MEPs scoff at new Irish party’s Brexit aspirations

MEPs from across the political spectrum have poured scorn on a new political party which is campaigning for Ireland to leave the EU and will field candidates in this year’s European elections.
Photo Credit: Press Association

By Martin Banks

Martin Banks is a senior reporter at the Parliament Magazine

07 Jan 2019

The new Irish party, called Irexit Freedom to Prosper, was founded by Hermann Kelly, Director of Communications for the Eurosceptic EFDD Group in the European Parliament.

Kelly told this website he did not want to comment but, speaking at the founding meeting of the party, he confirmed the party will be running candidates in the European elections.

The elections are due to take place alongside local elections in Ireland in May.


Kelly spoke at the meeting of “the benefits and the necessity of leaving the EU”.

“Why? So we can take back control over trade policy, money and borders, and be a free country once again. We were a free country for a short period after we left the last political union we were in, which was the British Empire.”

He reportedly said: “The relative advantages of being in the EU have decreased and now that we are a net contributor of €400 million a year to old, drunk men who make our laws, I think we’re crazy to stay in.”

About 350 people attended the opening conference.

"A political formation led by a UKIP spin-doctor has nothing to offer to Ireland other than empty promises based on nostalgia for a mythical past that has no relevance to our citizens and their best interests" Nessa Childers MEP

In its political programme, the Irexit Freedom to Prosper party says exit from the EU will “permit the Irish people to take back control” over a range of issues including law-making, human rights, borders and immigration policy, currency and foreign and security policy.

It sets out 12 principles, including to “support all efforts to strengthen the Irishness of Ireland, in particular its language and distinctive cultural and historical traditions”, and to promote a “society of liberty with a free and diverse media which supports free speech, freedom of association and freedom of religion”.


Several MEPs have been quick to dismiss the new party.

They include SNP deputy Alyn Smith, who told this website, “I’ve seen these slippery shysters in action for years and have confidence that my Irish friends will, pardon the language but I think it is quite justified, know shite when they smell it. This dishonest and dodgy bunch deserve no more comment nor attention than that.”

Irish Socialist MEP Nessa Childers said, "A political formation led by a UKIP spin-doctor has nothing to offer to Ireland other than empty promises based on nostalgia for a mythical past that has no relevance to our citizens and their best interests."

Elsewhere, Catherine Stihler, Labour MEP for Scotland, was also scathing, saying, “Brexit will be an unmitigated disaster and I am fighting hard to stop it.”

“The overwhelming majority of MEPs in Brussels, including our friends in Ireland, want the UK to remain - apart from UKIP MEPs.
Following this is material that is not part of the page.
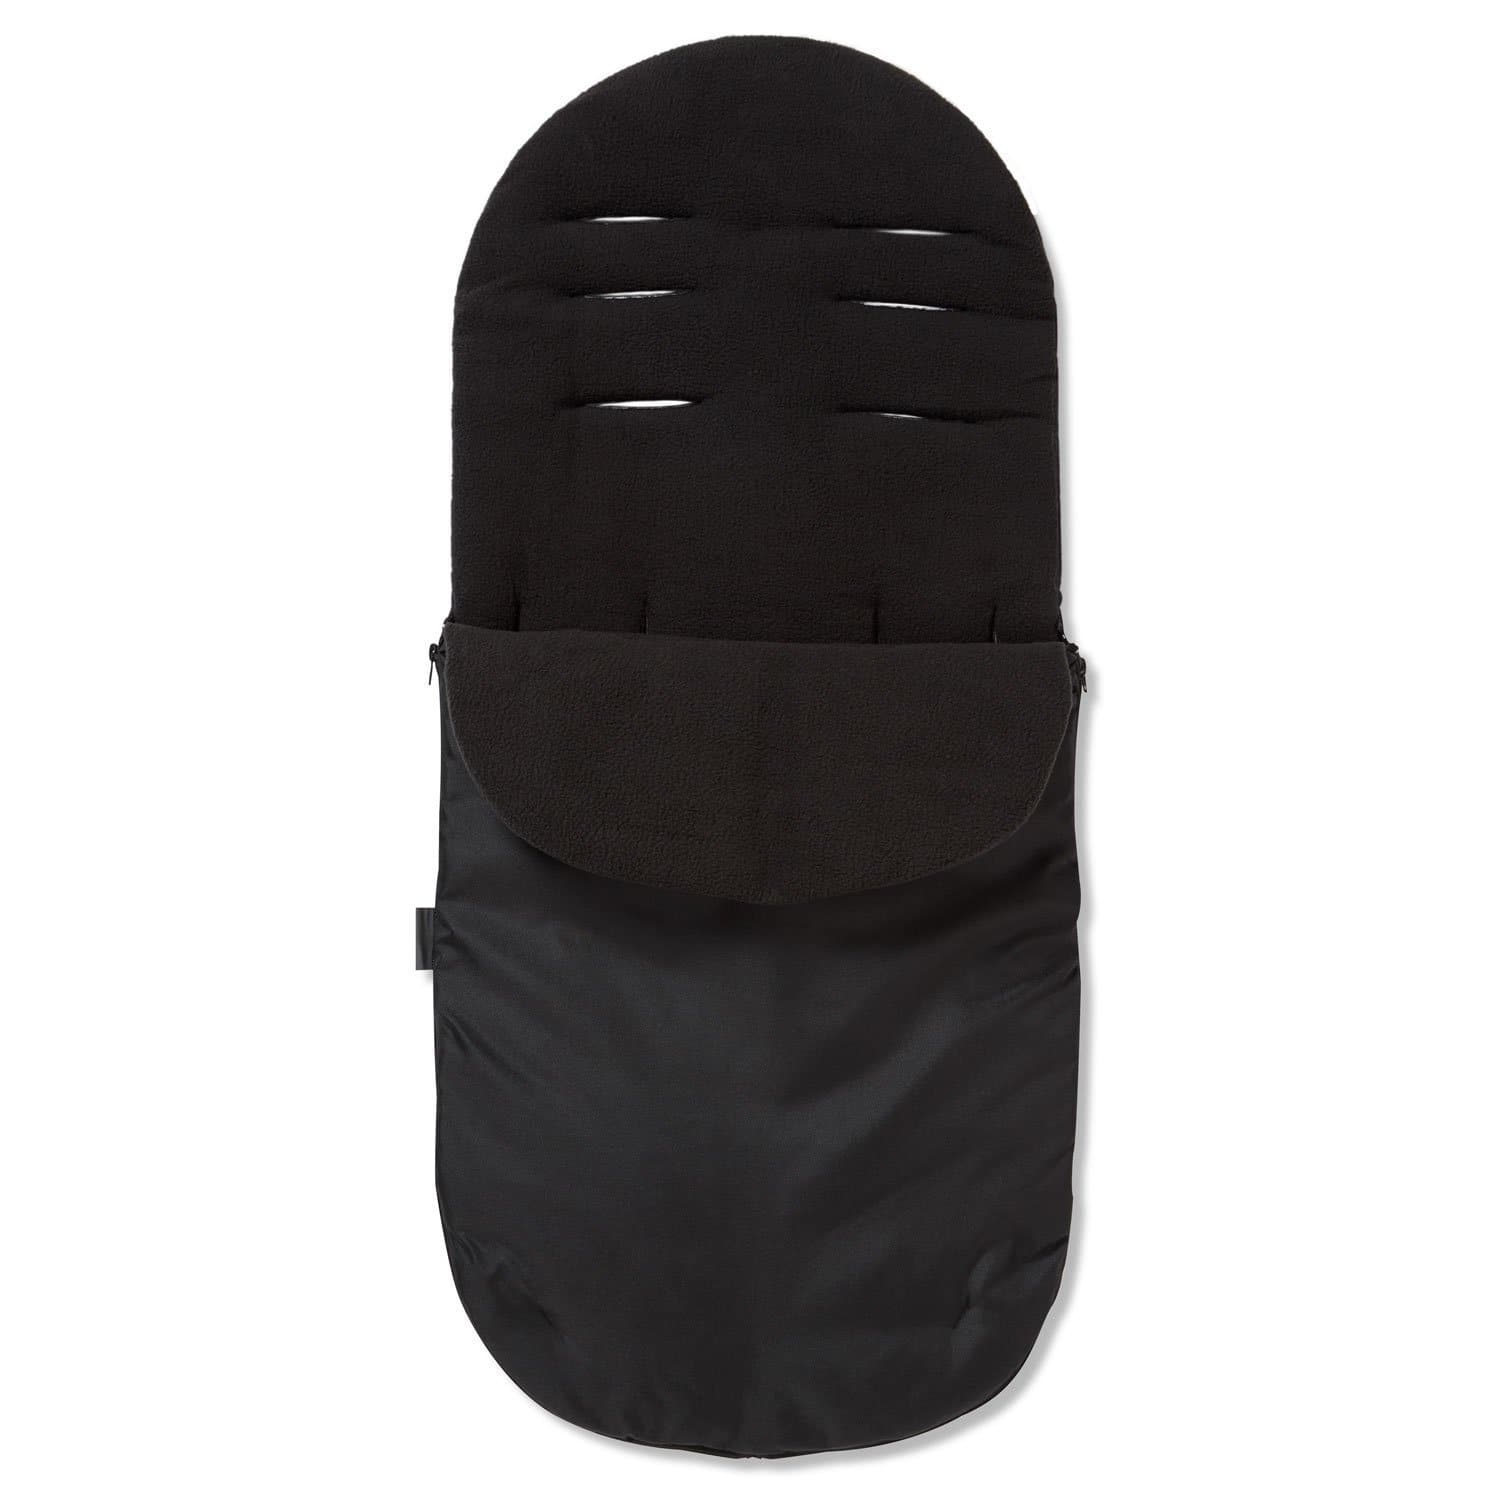 Footmuff / Cosy Toes Compatible with XTS - Black / Fits All Models | For Your Little One

Any members elected from Irexit Freedom to Prosper will find it very lonely, and they will also find themselves on the wrong side of history.”


Meanwhile, a few days out from a crucial Westminster vote on whether to adopt Prime Minister Theresa May’s deal, the British Department for Exiting the EU has assured EU citizens that they can remain in the UK if there is no deal.

The likelihood of a no-deal Brexit has increased as a large number of Theresa May’s own party have indicated that they will vote against her deal on Monday or Tuesday next week.

If this happens, it is not certain what the next step is: Brexiteers have indicated that they could renegotiate another Brexit deal with the EU - but the EU’s chief negotiator Michel Barnier, as well as May herself, have repeated that this is the only deal on offer.

To add to the confusion, a top advisor to the European Court of Justice has said that the UK would have the power to unilaterally revoke Article 50 and reverse Brexit - that means they would not need the consent of the other EU 27 member states. If this were to happen, the UK would most likely have to pay for the cost of two years of negotiations.

In a report on citizens’ rights, the Department for Exiting the European Union (or DExEU), wished to reassure citizens: “To remove any ambiguity about their future, the UK Government wants to reassure EU citizens and their family members living in the UK that they are welcome to stay in the UK in the unlikely event of a ‘no deal’ scenario.